§ DATA:
● ● ● ● ●

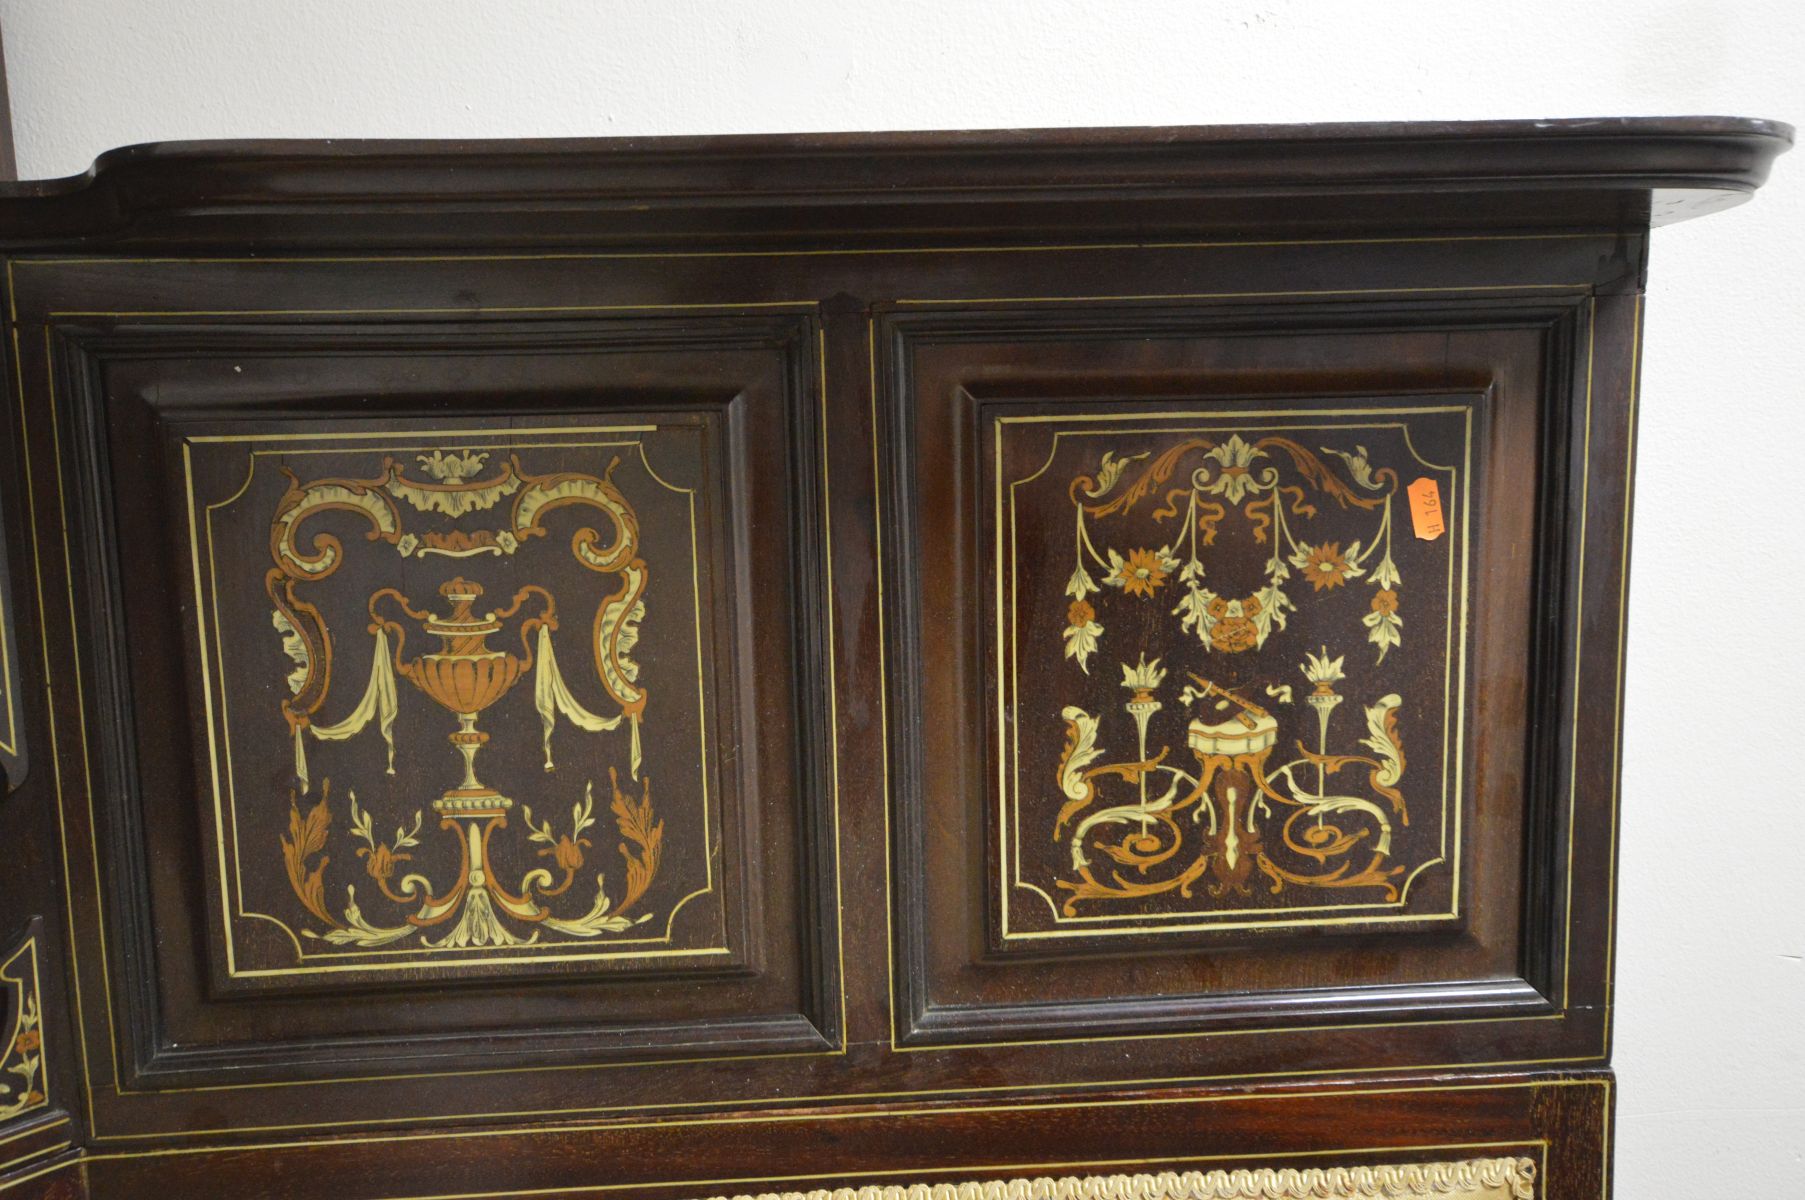 AN EDWARDIAN MAHOGANY AND MARQUETRY INLAID CORNER SOFA, the top section with four panels flanking - Image 4 of 6
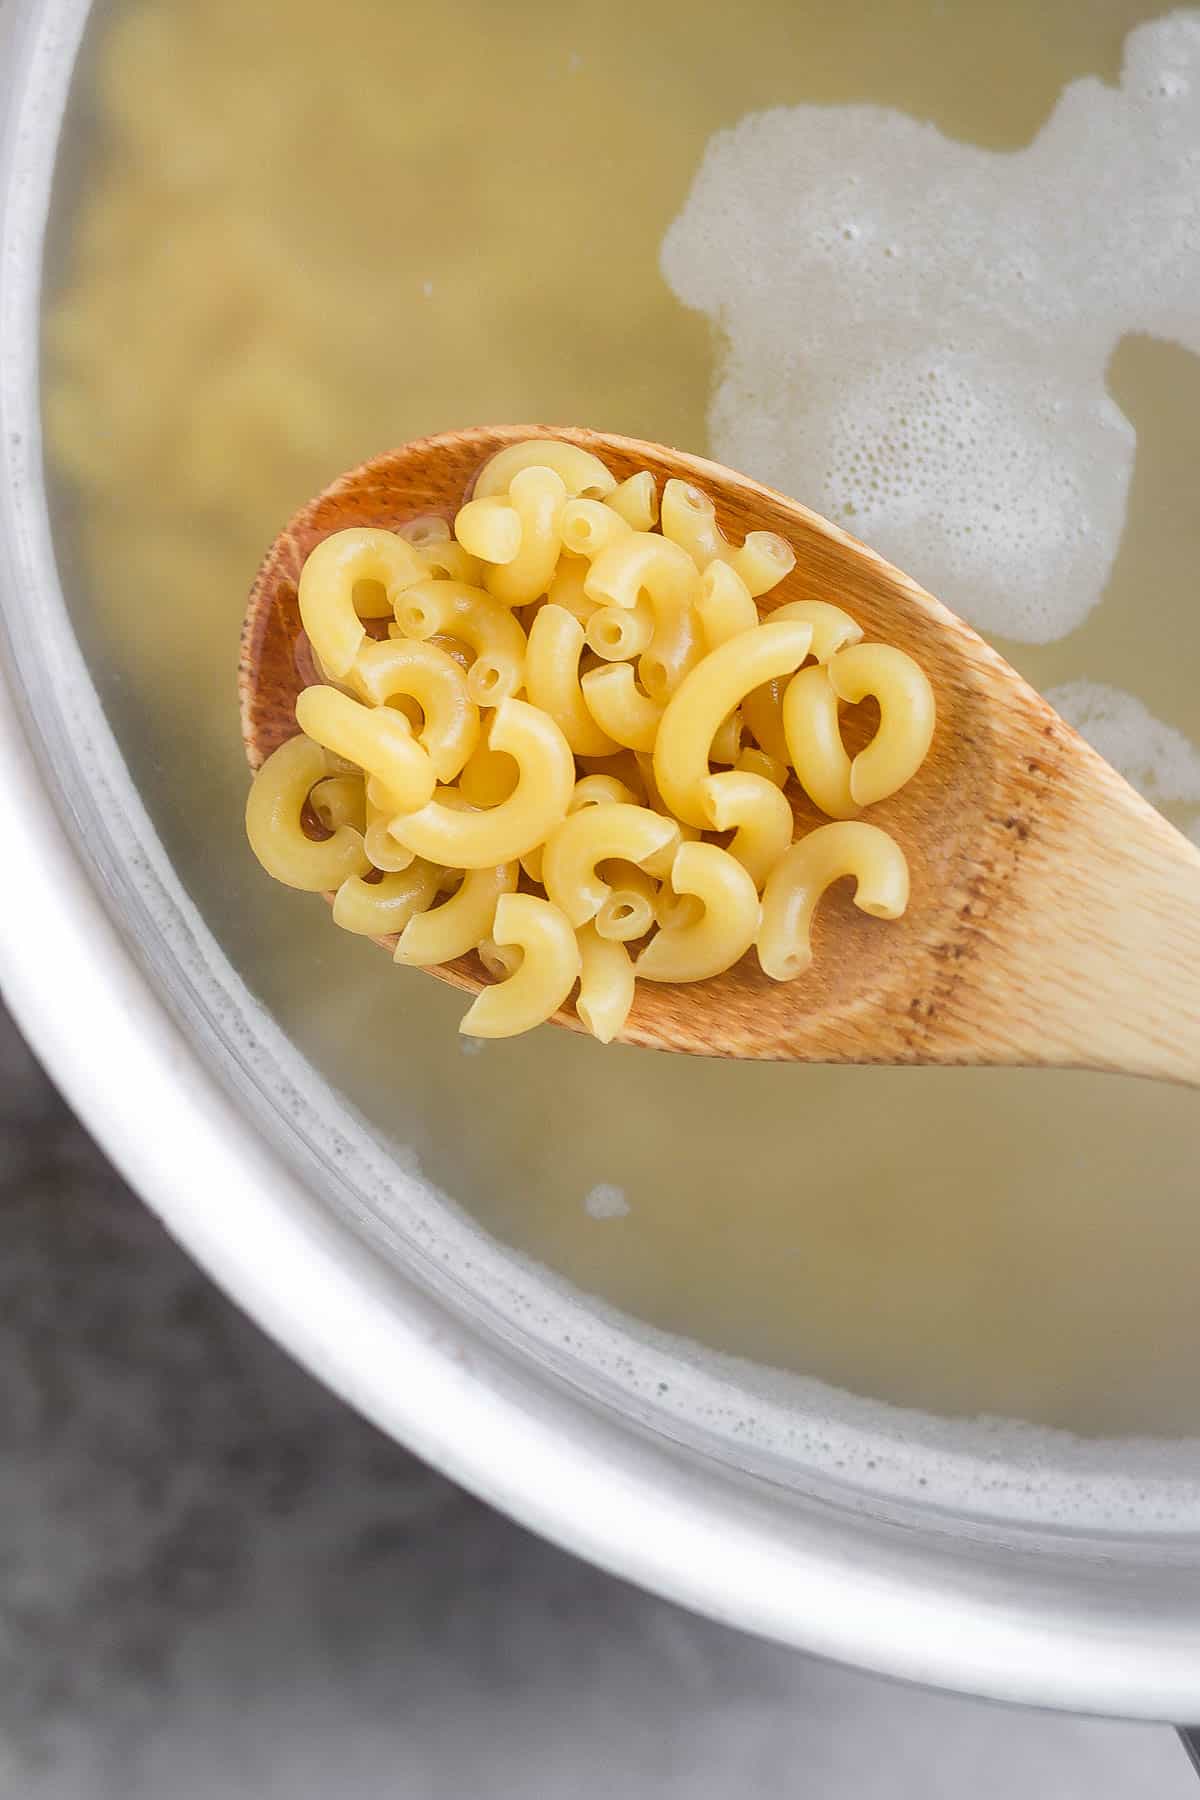 Macaroni noodles being boiled in a pot and a spoon scooping some out.
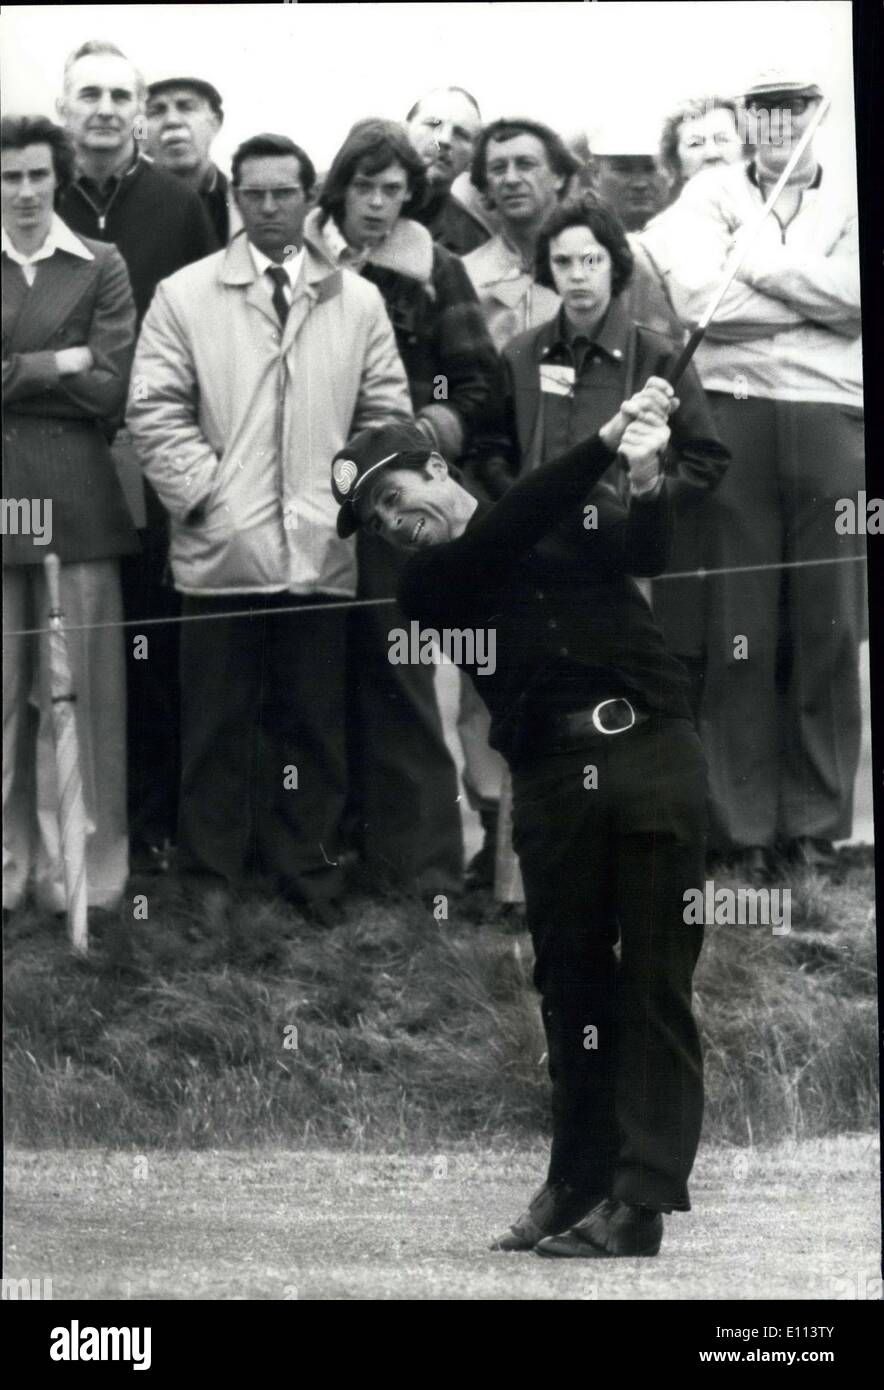 Jul. 09, 1975 - British open at Carnoustie: Photo Shows Gary Player (SA) drives off during the first round of the British open at Carnoustie, yesterday he finished with a 75. Stock Photo

● ● ● ● ●

§ WHAT YOU SHOULD DO:
Write out the material above exactly. Skip the pictures.

§ TASK ANSWER:
 AN EDWARDIAN MAHOGANY AND MARQUETRY INLAID CORNER SOFA, the top section with four panels flanking - Image 4 of 6
 Macaroni noodles being boiled in a pot and a spoon scooping some out.
 Jul. 09, 1975 - British open at Carnoustie: Photo Shows Gary Player (SA) drives off during the first round of the British open at Carnoustie, yesterday he finished with a 75. Stock Photo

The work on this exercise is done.